"It was very wrong of you," she said, "very irregular."
"I know," he said.
"Besides being dangerous."
"That was the fun of it."
"And if I had known for one moment…"
"What would you have done?"
"I should have come down to Navron at once."
"And then?"
"I should have barred the house. I should have dismissed William. I should have set a watch on the estate."
"All that?"
"Yes."
"I don't believe you."
"Why not?"
"Because when I lay in your bed, looking up at your portrait on the wall, that was not how you behaved."
"How did I behave?"
"Very differently."
'What did I do?" "Many things." What sort of things?"
"You joined my ship's company, for one thing. You signed your name amongst the faithful. You were the first, and the last woman, to do so."
And saying this, he rose from the table, and went to a drawer, and fetched out a book.
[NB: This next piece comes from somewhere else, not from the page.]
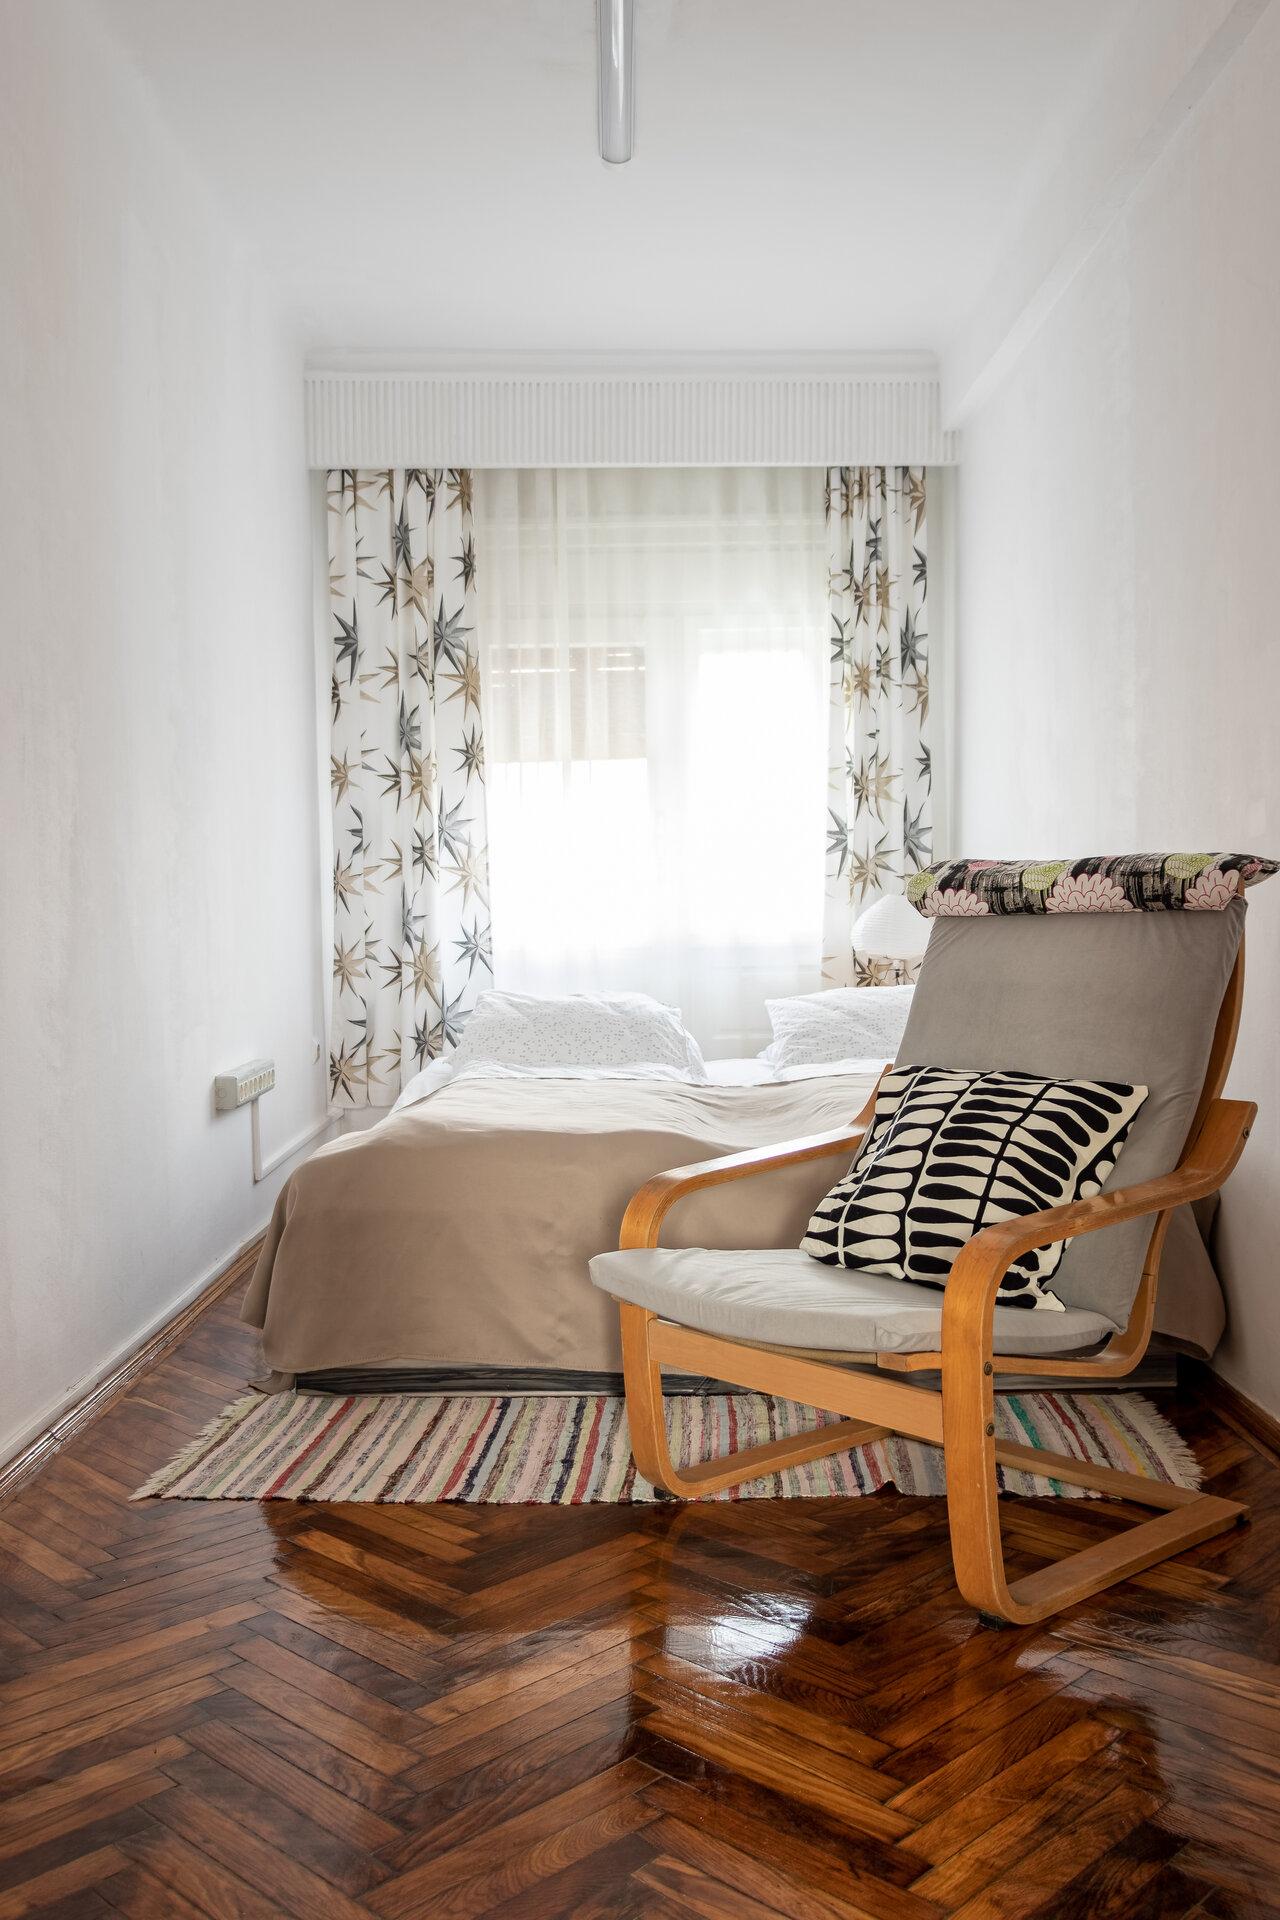 FoxInn Hostel Oradea
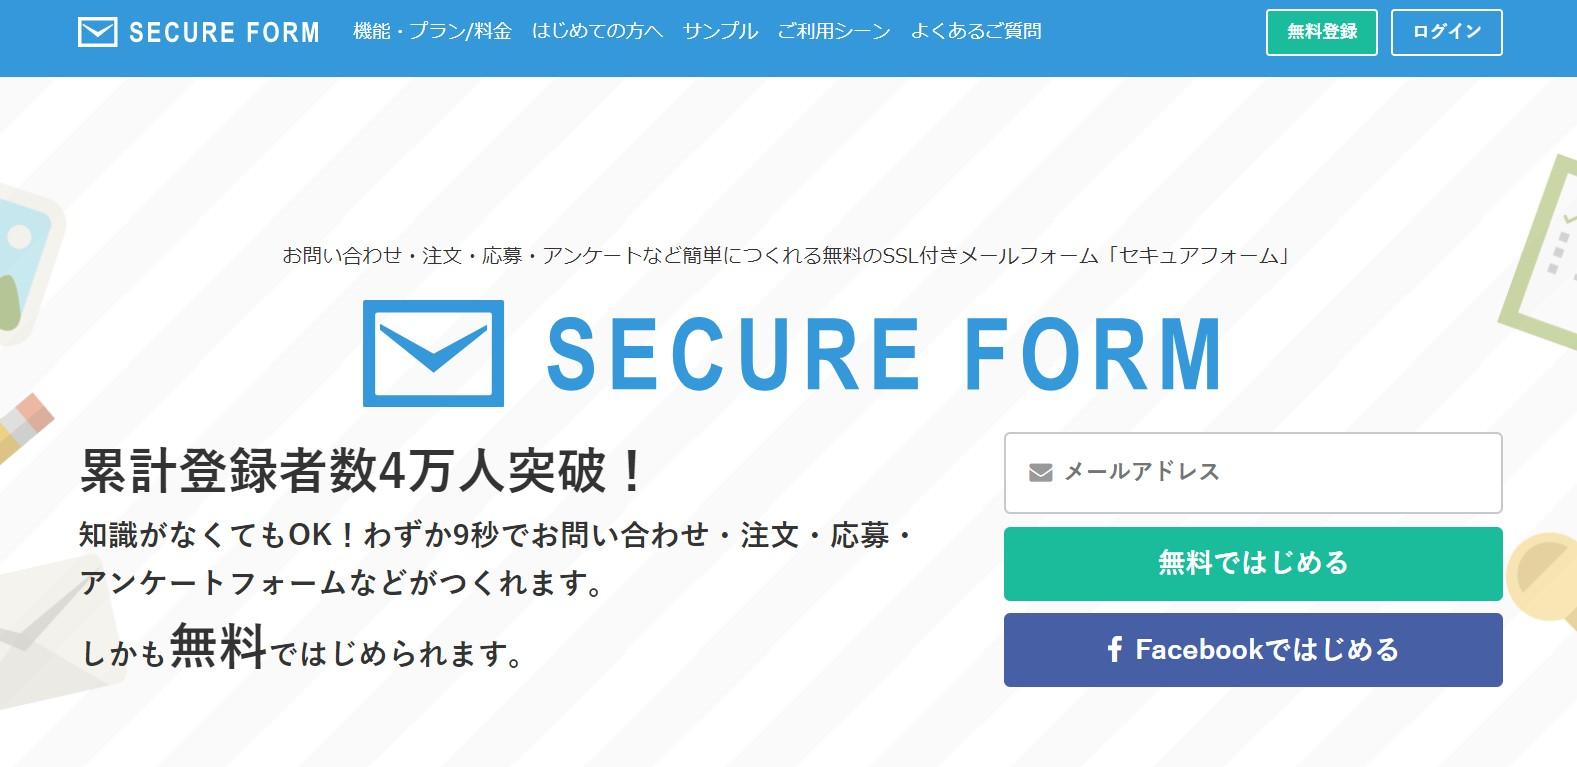 img_secure_form.jpg

This he opened, and on the page she saw the words La Mouette, followed by a string of names. Edmond Vacquier… Jules Thomas… Pierre Blanc… Luc Dumont… and so on.
And he reached then for his pen, and dipped it in the ink, and handed it to her.
"Well?" he said, "what about it?"
She took it from him, balancing it in her hand a moment, as though weighing the question, and she did not know whether it was the thought of Harry in London, yawning over his cards, or Godolphin with his bulbous eyes, or the good soup she had taken and the wine she had drunk, making her drowsy and warm, and a little careless, like a butterfly in the sun, or whether it was because he was standing there beside her, but she looked up at him, laughing suddenly, and signed her name in the centre of the page, beneath the others, Dona St. Columb.
"And now you must go back, your children will wonder what has happened to you," he said.
"Yes," she said.
He led the way out of his cabin, and on to the deck.
He leant over the rail, and called down to the men amidships.
"First you must be introduced," he said, and he called out an order, in the Breton patois she could not understand, and in a moment his company assembled themselves, glancing up at her in curiosity. "I am going to tell them that from henceforth you come to the creek unchallenged," he said; "that you are free to come and go as you please.
The creek is yours.
The ship is yours.
You are one of us."
He spoke to them briefly, and then one by one they came up to her, and bowed, and kissed her hand, and she laughed back at them, saying,
"Thank you" - and there was a madness about, a frivolity, like a dream under the sun.
Below, in the water, one of the men waited for her in the boat.
She climbed the bulwark, and swung herself over the side onto the ladder.
The Frenchman did not help her.
He leant against the bulwark and watched her.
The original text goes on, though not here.